家庭菜園をしている近所の方に、葉のついたままの玉葱をいただいた。
「サラダ用の玉葱だから、生で食べても甘いよ」
青葱のような部分は、炒めてもよし、軽く湯がいてぬたにしてもよしと教えてくださった。見ているだけでもよだれが出そうなくらい新鮮である。
さっそく昼はサラダに入れて、夜はオニオンスライスとソテー、ぬたも作ってみた。採れたて野菜の甘みが口のなかに広がった。

そう言えばむかし、毎日オニオンスライスを刻んだことがあった。上の娘が中学生の頃だから、もう十年ほど前になる。
反抗期だった彼女は、母親となんかしゃべりたくないモード全開だった。そこでわたしがとった作戦は、彼女の好きなものを食卓に並べるというもの。太ってもいないのにダイエットに励んでいた彼女は、来る日も来る日も、それこそ飽きるまでオニオンスライスを所望した。ドレッシングで、柚子ポンで、醤油で、出汁つゆで、マヨネーズで日々共にオニオンスライスを食べたのだった。
その間、彼女との会話は、食卓に上がったもののことのみ。まあ、それでもいいやと思っていたし、食についての会話ならけっこうあるものだ。
「スーパーに、新玉葱が出てきたんだ。やわらかいでしょ」
「あ、ほんとだ」
「柚子ポン、変えてみたんだけど」
「うん。こっちの方がさっぱりしてるね」
そんな日々を過ごすうち、彼女は反抗期を卒業していった。

反抗期の頃の子ども達って、みんなそうかも知れないけど、学校のことをあれこれ聞かれるんじゃないかとか、勉強しろって言われるんじゃないかとか、親と対峙するときには構えちゃうんだよね。でもわたしは、普通にテレビの話でも、食べ物の話でも何でもいいから、ただ娘としゃべりたかった。

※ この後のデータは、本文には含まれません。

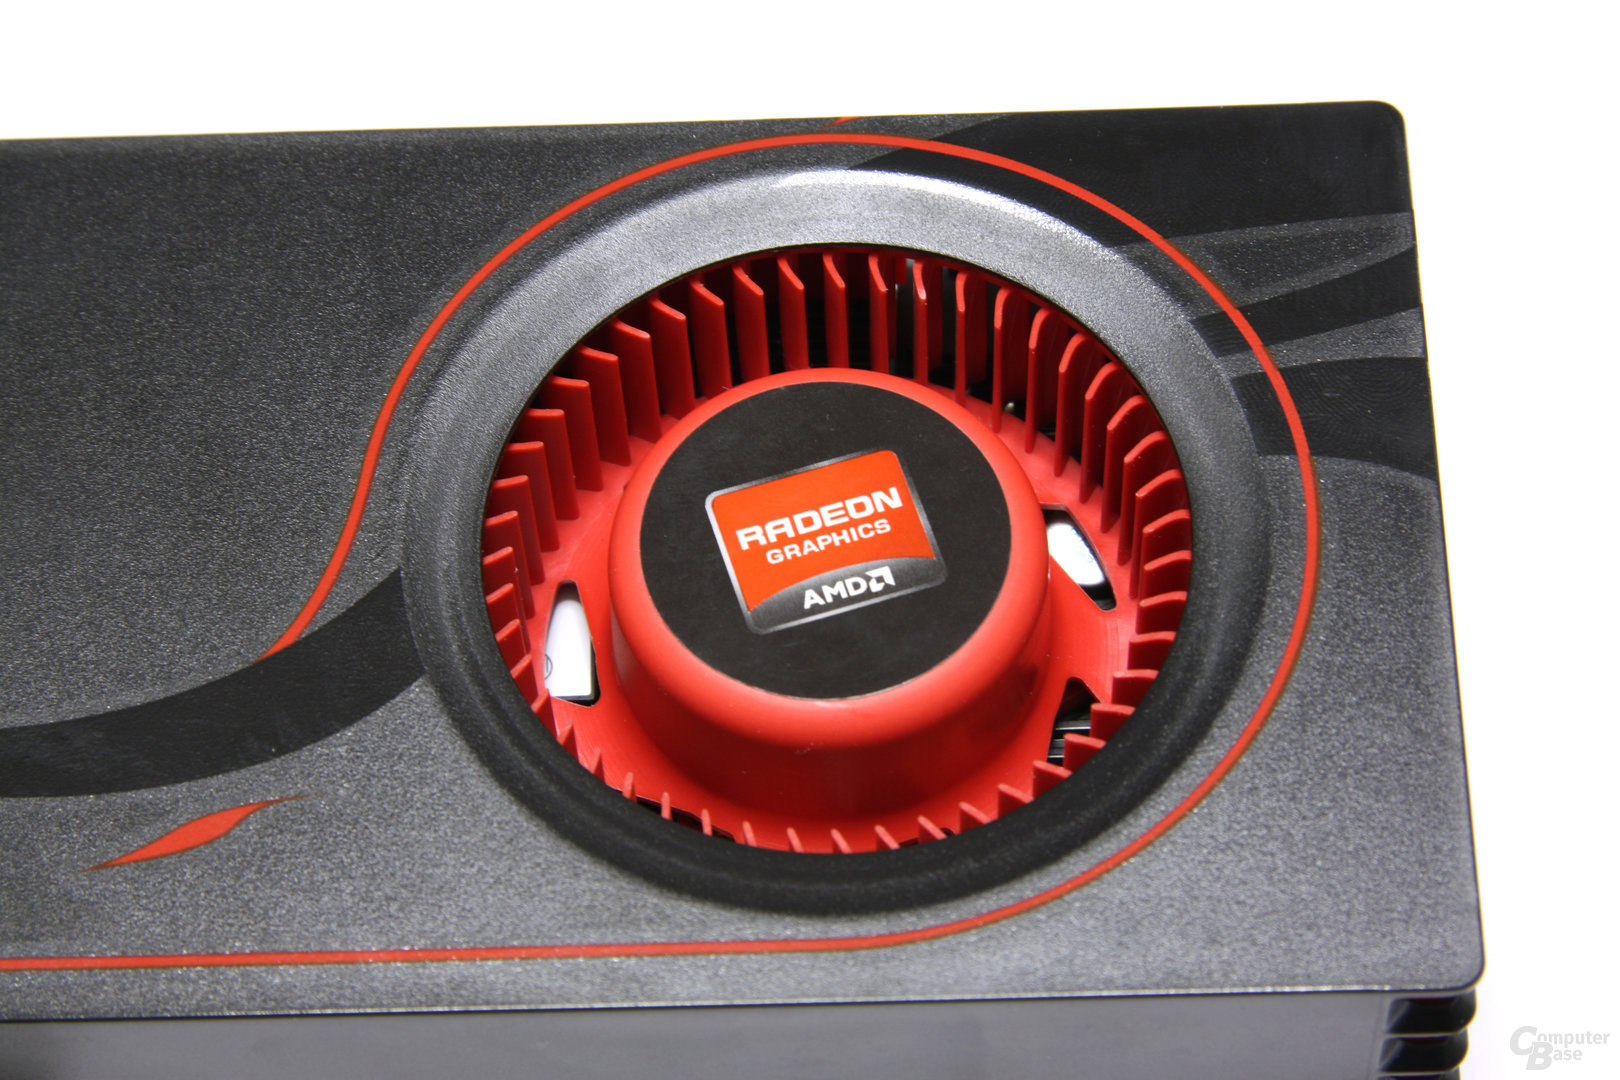 Radeon HD 6970 Lüfter

そんな気持ちで玉葱刻んだら、涙が出そう? それが、半分に切ってからよく水で洗った玉葱は、刻んでも涙が出ないもの。反抗期っていうのは、料理で言うと、そんな下ごしらえ時期なのかも。

ぷーんと玉葱特有のいい匂い。陽の光と似合うなあ。

キャベツとクレソンとフライドガーリックと合わせたサラダです。

オニオンスライスは、柚子ポンがいちばん好き。

どう見ても葱のぬたですが、葱よりも甘みが濃い!

白ーい。種類は聞かなかったけれど、ホワイトオニオンかも。

オリーブオイルで焼いて塩胡椒。仕上げはバルサミコ酢。これ絶品!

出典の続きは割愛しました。